Your French Policeman will undoubtedly be talking about aires on the autoroutes. Some stay the night on autoroute aires without incident but there have been many reports of robberies, especially the further south you go, so in my opinion, it's not adviseable to risk it.
Aires away from the autoroutes however, are a different kettle of fish, and are no more unsafe than a campsite. The biggest advantage is there is no booking in and out procedures, you can just arrive and depart when you want. A great feature if you're not on a set schedule.
If you are off to Lac Du Der as mentioned, then have a look at any of the 3 aires around the lake and maybe give one a try and make up your own mind, if you don't fancy it then no problem, the muncipal site mentioned is a good alternative.
For more info on aires perhaps a quick look at the >MHF Miniguide To Aires<

What ever you decide, the most important thing is not to rush things and to go at a pace you are comfortable with and above all, to have a great time, which you definately will.  :wink:

Pete


----------



## r6demon (Aug 18, 2008)

Sorry all I meant the east SIDE of france not coast!! D'oh!

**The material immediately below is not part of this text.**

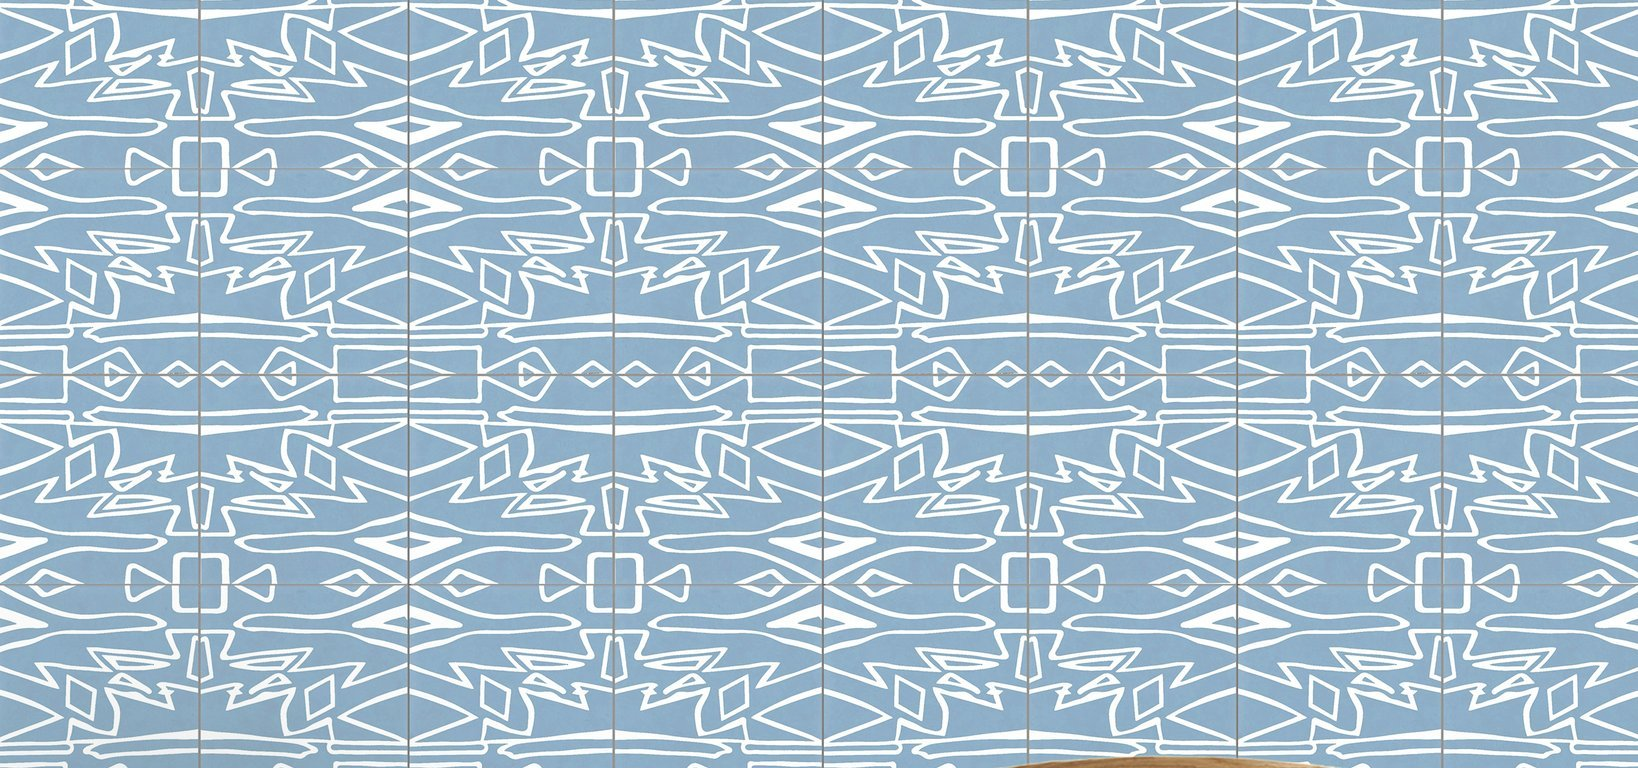 Cle Tiles design Eskayel - Akimbo

PeeJay, excellent mini guide thank you! I have printed off for further ref. 

Regarding the security risks on Aires, you are quite right we were stopped on a normal road aire when the police man spoke to us and told us to move on! I just then took that as a blanket statement!!

the thought of being less than 2 foot from my neighbor would worry me though! What if there were a fire???


----------



## Pusser (May 9, 2005)

We normally although maybe not this year go to South of F at the time you are going. They always have a Harley Rally St Maxine St Trop area and there are thousands of them. I don't do and never have done bikes but some of these bikes have to be seen to be believed. I even said once to the missus, "Hey my Bitch. Fancy a go on one of these.". 

It wasn't thd best idea I've come up with but the brusing did go down after a few days helpted by the sea water I think.


----------



## r6demon (Aug 18, 2008)

Looking at some of the comments I think you may be right in the fact that we are trying to do too much and we will end up not seeing things as we will always want to move on.

Having thought about it, as we have three weeks I think it would be better to get into Italy and spend the time looking around there, on the basis that france is easier to get too at any time (later in the year maybe)

I think we will still try and stop at Clairvaux-les-Lacs \ Poitte on the way down as that will give us a resonable 7-8 hr drive on the first day and then try and find a way accross into italy.

I thought maybe work down one coast and then back up the other ready for a quick 1 or two day blat back up for the ferry?

Any suggestions \ comments?

Sorry for all the tooing and fro ing but this is the first time we have ever attempted anything like this.


----------



## r6demon (Aug 18, 2008)

OK, have worked out a wuick starter for 10 route, plan to put a post in the Italian section for places to see but what do you think?

Remember 3 weeks is the goal

we would go straight from Calais down to Clairvaux du lacs and then follow this route.

How expensive are the tolls through france?

We are in a hymer 564L 2.8m tall 6.5m long


----------



## JeanLuc (Jan 13, 2007)

A few thoughts.

We tend to keep off the autoroutes in France in order to keep costs down and see more of the country. Having said that, the first stretch from Calais can be a bit tedious so we often use the auroroute until Laon or Reims if in a hurry.

If going through Grenoble, allow time because traffic is often heavy around there.
Favourite routes into Italy for us are: either via Briancon and Montgenevre (there is a large aire at Le Monetier les Bains high in the mountains) or via Barcelonette and Col de Larche.

Once in Italy, it can be slow-going off the motorway around the Ligurian coast. I would strongly recommend a visit to the Cinque Terra. Five fishing villages north of La Spezia - the walk from one end to the other is magical They form a world heritage site and are easily accessible by train from La Spezia. I have attached a couple of pictures taken 2 years ago.

Whatever you do I am sure you will have a great time.

Philip


----------